• What you should do: Exact copies of all the lines below are needed, without the pictures.

• Data shown:

*-*-*

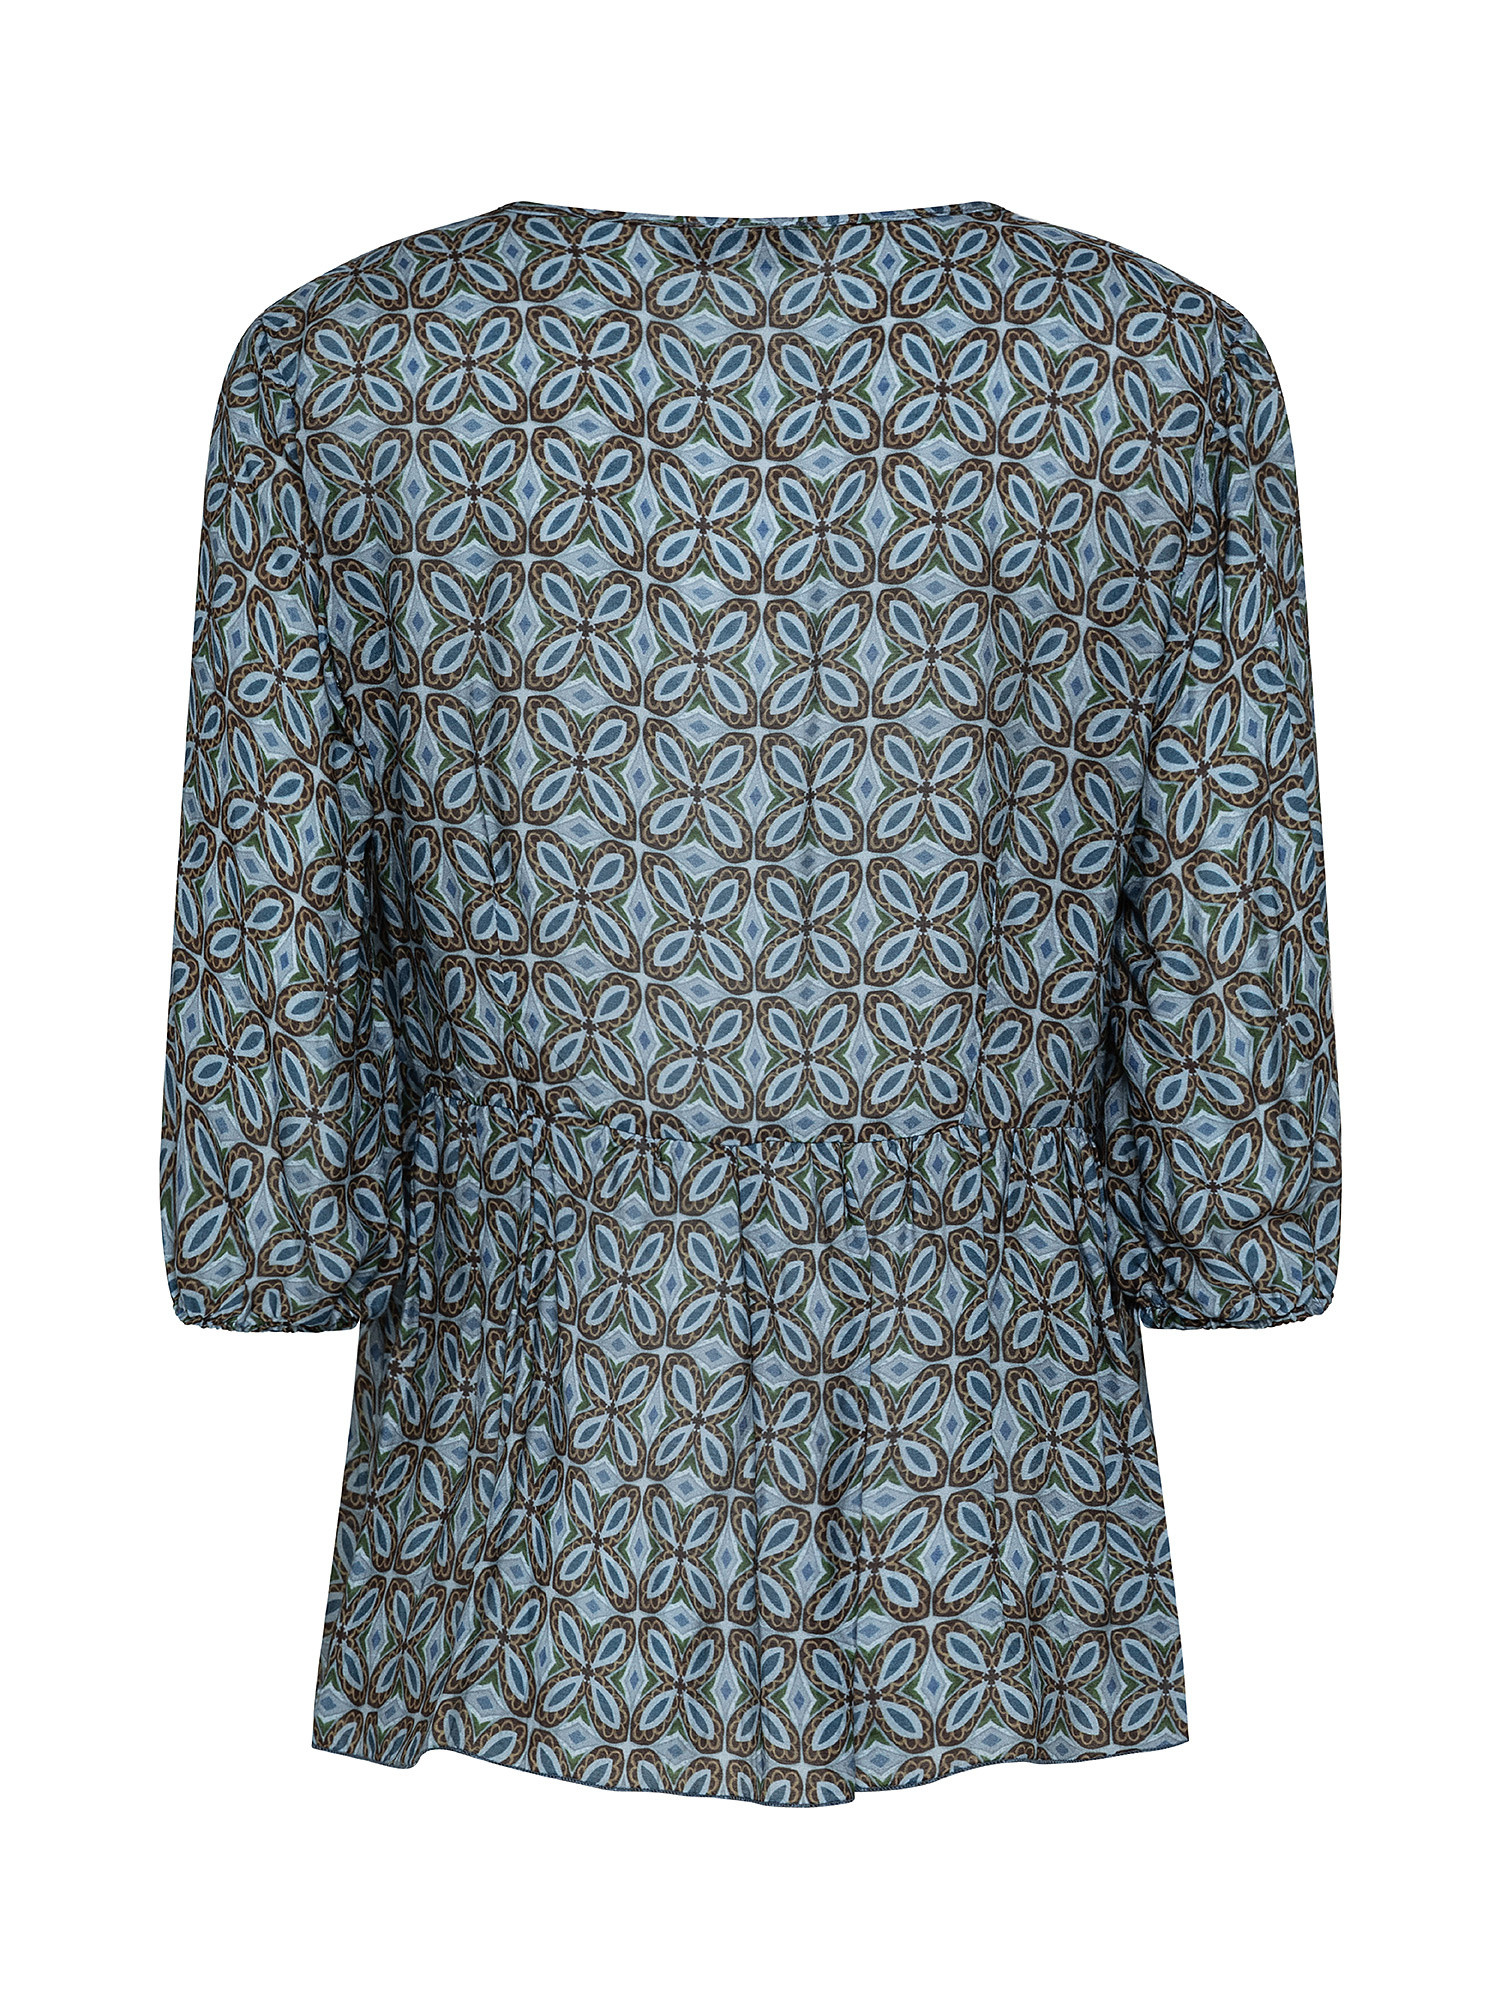 Printed blouse, Blue, large image number 1
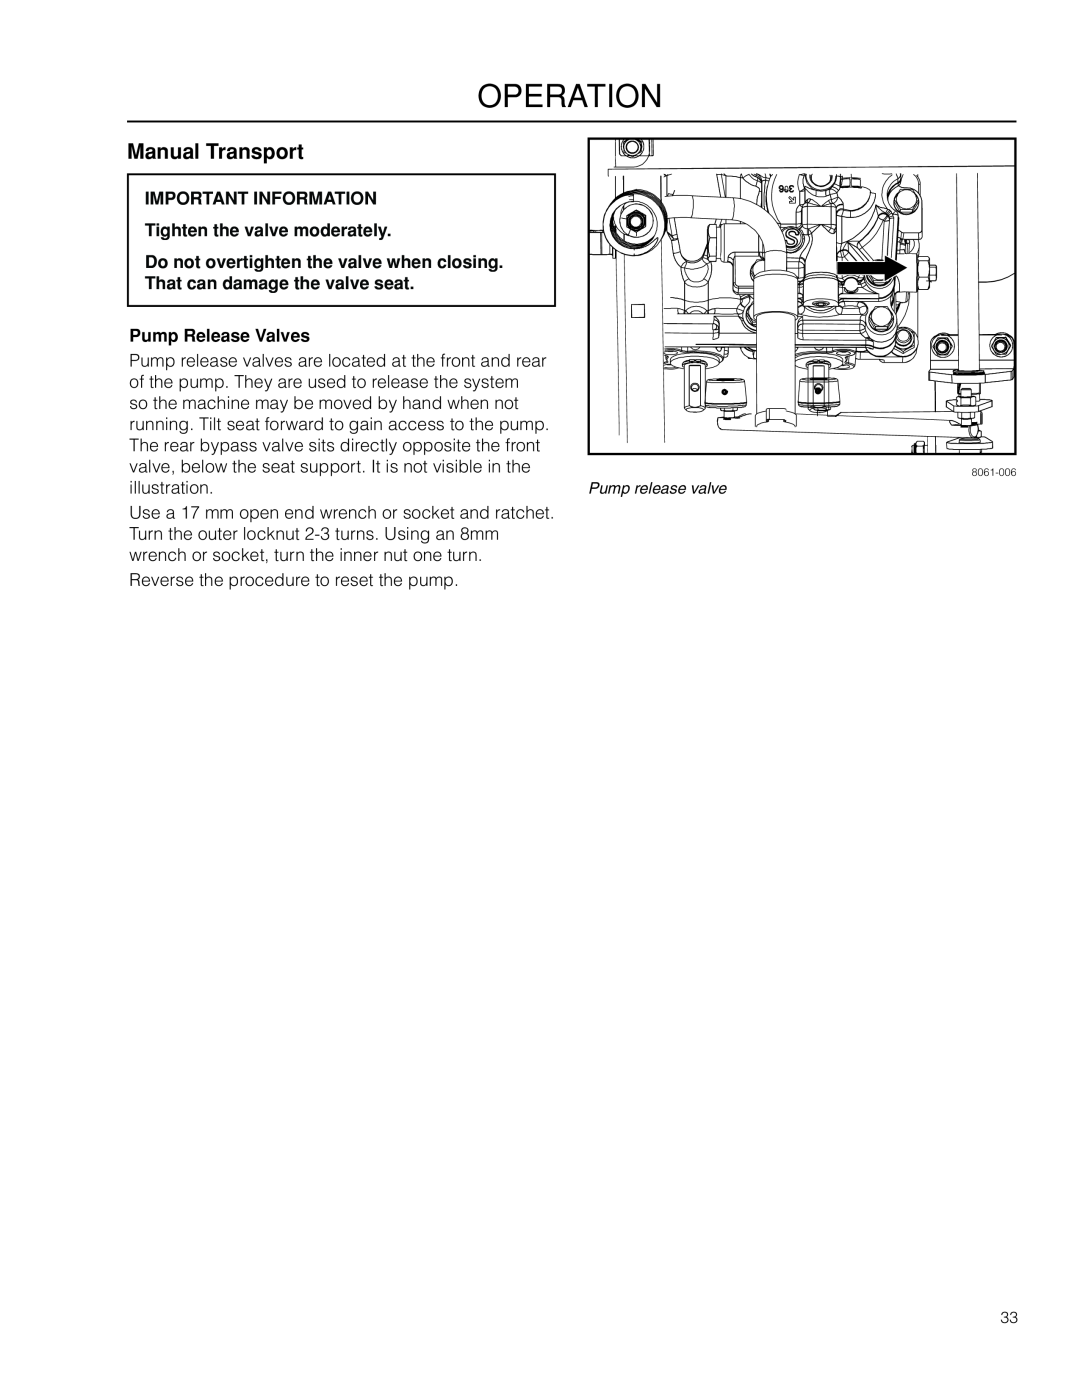 Dixon 966985401 manual Manual Transport, IMPORTANT INFORMATION Tighten the valve moderately, Pump Release Valves, operation 
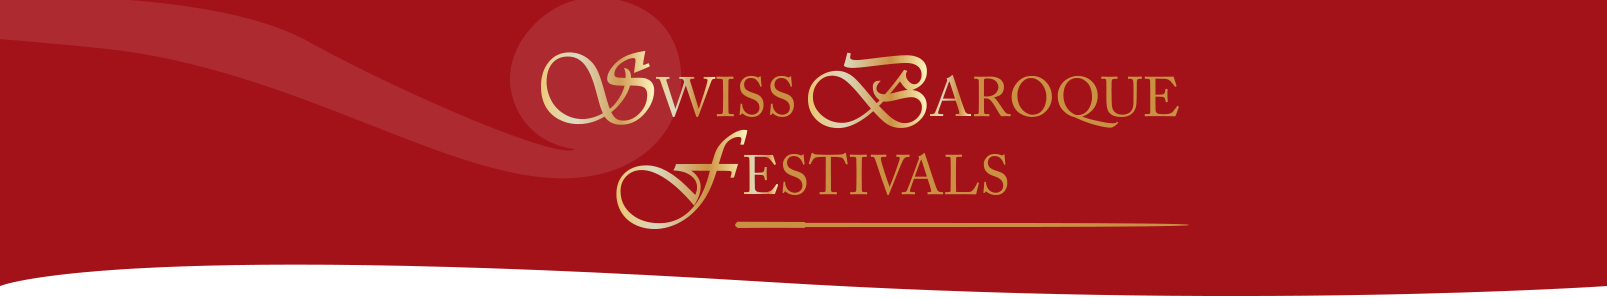 Swiss Baroque Festivals

*-*-*

• Expected answer:
 Printed blouse, Blue, large image number 1
 Dixon 966985401 manual Manual Transport, IMPORTANT INFORMATION Tighten the valve moderately, Pump Release Valves, operation 
 Swiss Baroque Festivals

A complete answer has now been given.